Das Bundessozialgericht gab dem Mann nun recht: Nach dem Angehörigen-Entlastungsgesetz dürfen Vermögensauskünfte erst dann eingefordert werden, wenn zweifelsfrei feststeht, dass die Einkommensgrenze von 100.000 Euro überschritten wird, entschied der 8. Senat.
Im konkreten Fall hätte das Sozialamt nach der Recherche im Internet nur Auskunft über das Bruttojahreseinkommen des Mannes erfragen dürfen. Erst danach und wenn die 100.000-Euro-Grenze tatsächlich überschritten wurde, hätte das Sozialamt in einem zweiten Schritt Auskunft über das Vermögen des Mannes verlangen dürfen.
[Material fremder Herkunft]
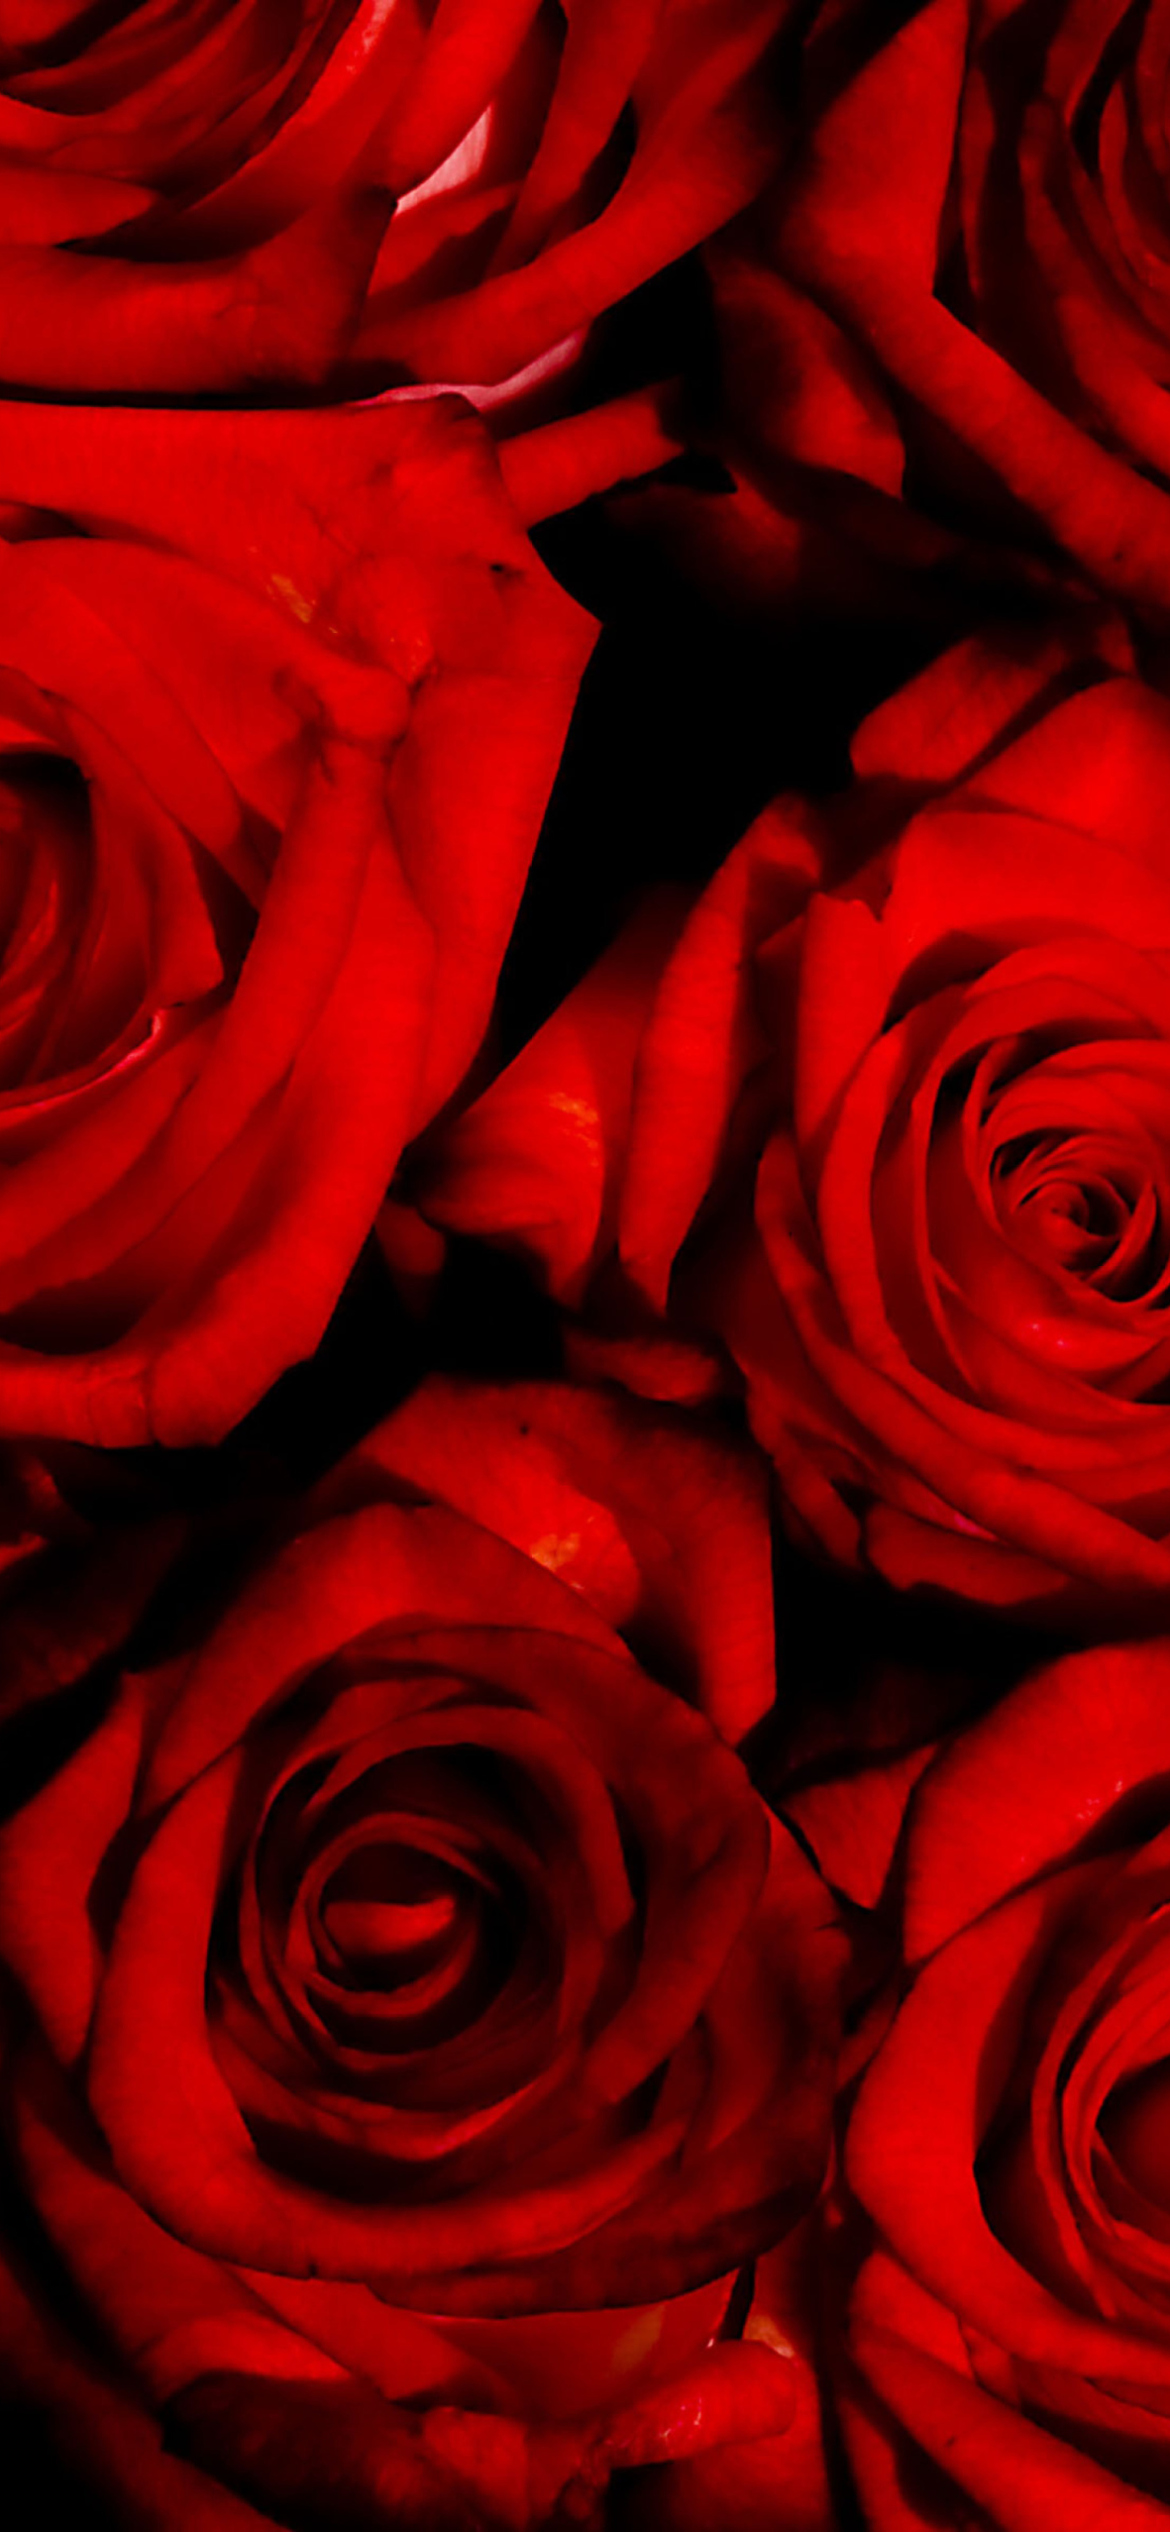 Red Flowers Of Love wallpaper 1170x2532

Das umfassende Auskunftsverlangen war deshalb laut dem Bundessozialgericht rechtswidrig.
Darf das Sozialamt Kinder von Sozialhilfeempfängern also online ausspähen und zur Kasse bitten? Grundsätzlich spricht laut dem Bundessozialgericht nichts dagegen, dass der Sozialhilfeträger Anhaltspunkte zum Widerlegen der gesetzlichen Vermutung von einem Jahreseinkommen unter 100.000 Euro im Internet - also einer öffentlich zugänglichen Quelle - sucht. Denn das Amt sei nicht auf die Auskünfte des Leistungsberechtigten - in diesem Fall der pflegebedürftige Vater im Heim - beschränkt. Aber der Sozialhilfeträger hätte auf Grundlage der Erkenntnisse aus dem Internet zunächst nur Auskunft über das Einkommen des Sohnes verlangen dürfen - nicht über sein Vermögen.